Q: I just started my first job earning a $40,000 annual salary which I expect to grow at 3% per year. I plan to save 12.5% of my income. What would be the value of my retirement account when I turn 65?
A: Good plan! By the way, 12.5% is equivalent to 1 hour of your salary each day. This is a great start. You can increase it to 15%, 20% or even 25% as your income grows. For example, you may save half of your raises to increase savings, without compromising your lifestyle needs. At 12.5% saving rate, your account balance will be $1.6 million (see the breakdown in the table below).
Starting Age | 25 |
Retirement Age | 65 |
Annual Return (assumed) | 7% |
Starting Salary | $40,000 |
Annual Raise (assumed) | 3% |
% of Income Saved | 12.5% |
Total Saved | $393,316 |
Total Investment Returns | $1,194,771 |
Ending Balance | $1,588,087 |
% of Balance from Saving | 25% |
% of Balance from Investment Returns | 75% |

As you can see, 75% of the balance comes from investment returns. However, it requires you to save consistently and stay invested through the end, through market ups and downs. Note that the majority of the growth comes after you have built a large enough balance as you get closer to retirement age. For example, at 56, your account balance will be about $770,000 which more than doubles by the time you turn 65 (in the last 9 years)! So, again, saving consistently and staying the course all the way to retirement is key.

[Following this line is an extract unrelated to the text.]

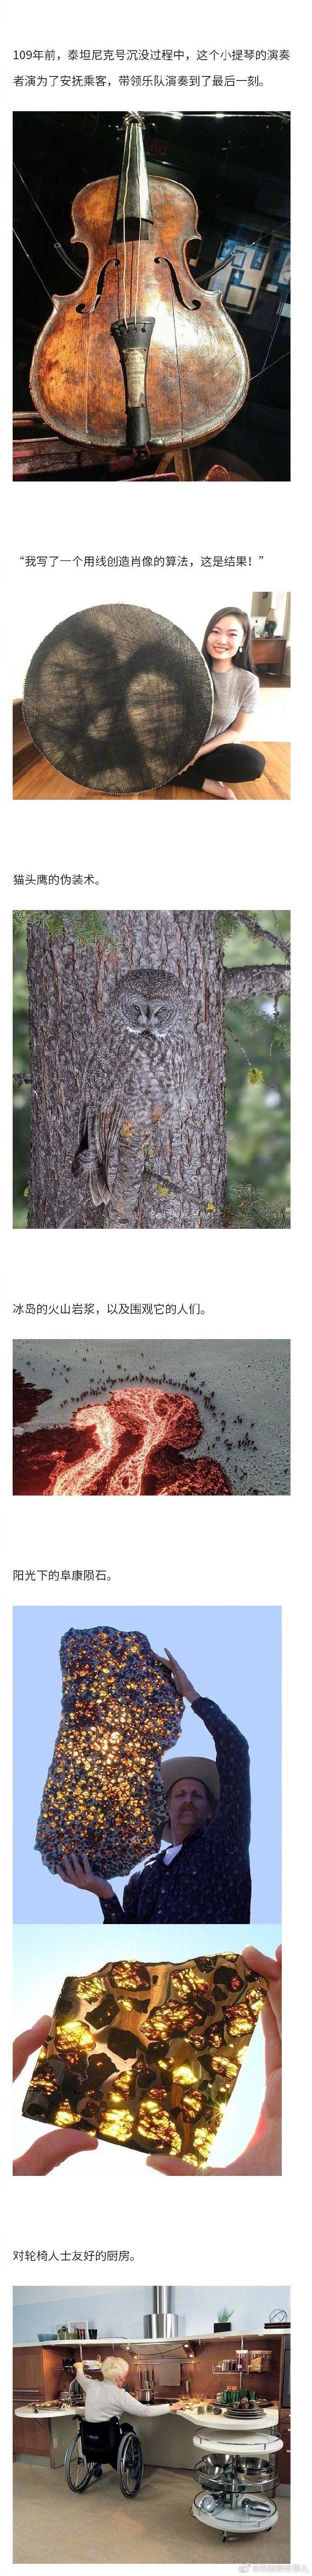 网友们po出的各种有趣的图片,有自然中令人惊叹的存在,也有现实中神奇的巧合

Note: You can use this spreadsheet to calculate your projected account balance based on your own data (make a copy to make it editable).
Feel free to post below any additional questions you may have.
Disclaimer: This article is not intended to be investment advice. Consult a duly licensed professional for investment advice. The contents of this article are for educational purposes only and do not constitute financial, accounting, tax, or legal advice. Past performance is no guarantee of future results.